Cargill is the largest importer of palm oil into North America, and is responsible for a significant amount of the global palm oil trade. Kellogg’s, General Mills, Nestlé, Pepsi, Mars, Ferrero Rocher, Mondelez and many other major brands have committed to only using deforestation-free palm oil. Cargill is also a major supplier to the doughnut sector—the most visible user of palm oil in the US—increasingly under pressure from consumers and forest advocates to adopt responsible purchasing standards for palm oil.
Today’s pledge moves Cargill toward the new benchmark for responsible sourcing of palm oil, set by agribusiness competitors like Wilmar International and Golden Agri-Resources that together control most of the world’s supply. Cargill will need a detailed implementation plan and also needs to verify rapid compliance or termination of problematic suppliers such as Kuala Lumpur Kepong Bhd (KLK), which a Businessweek investigation found uses forced and child labor to toil on its plantations. It also should take further action to reduce use of hazardous pesticides and to treat methane emissions from palm oil mills, a globally significant source of climate pollution.
Palm oil is a $50 billion a year commodity. It is in half of all consumer goods on the shelves, but is too often grown by clearing tropical forests for oil palm plantations. That threatens the lives of tens of millions of people who depend on rainforests to survive – and pushes species like Sumatran tigers and orangutans to the brink.
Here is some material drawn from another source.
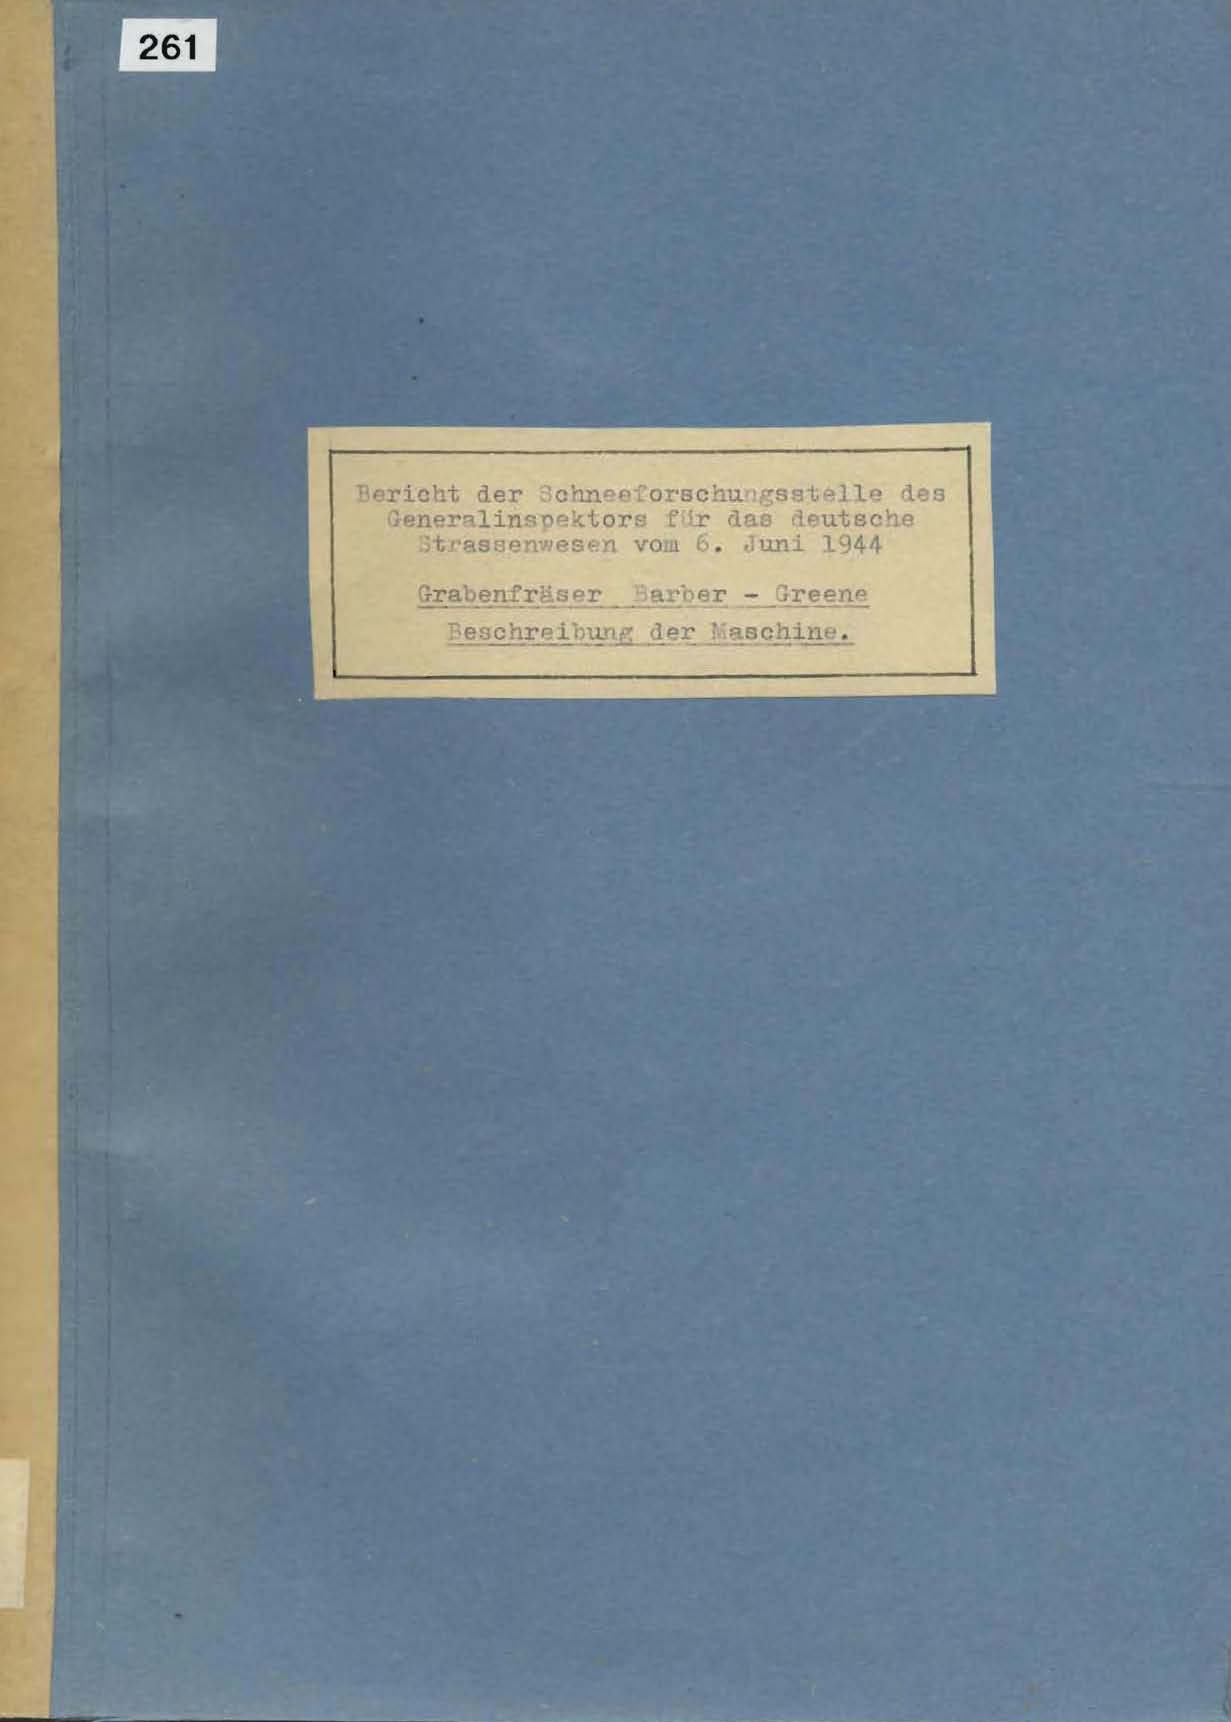 Bericht der Schneeforschungsstelle des Gen. Insp. Für das Deutsche Strassenwesen vom 6. Juni 1944

Clearing carbon-rich peatlands also sends huge amounts of carbon pollution into the atmosphere.
“Cargill should now turn to meaningful, fast and transparent implementation to deliver on the promise they made today,” said Hurowitz. “Through its involvement in the Brazilian soy moratorium, Cargill has already proven that it’s possible to eliminate deforestation while increasing production. Now they need to extend these no-deforestation principles across all of their commodities, such as soy, sugar and cattle.”
Palm oil is not the first time Cargill has engaged on the sustainability impact of its commodity business. A few years ago, a quarter of Amazon deforestation was driven by soy production. But after feedback from customers like McDonald’s, Cargill became a leader in establishing a moratorium on new forest clearing. As a result, deforestation in the Brazilian Amazon declined from 25 percent for soy to 0.25% in just three years; and soy production kept increasing as growers planted on degraded lands instead of pristine forests. Today’s move could help translate into significant similar progress in the palm oil sector, and provide momentum to continue the soy moratorium.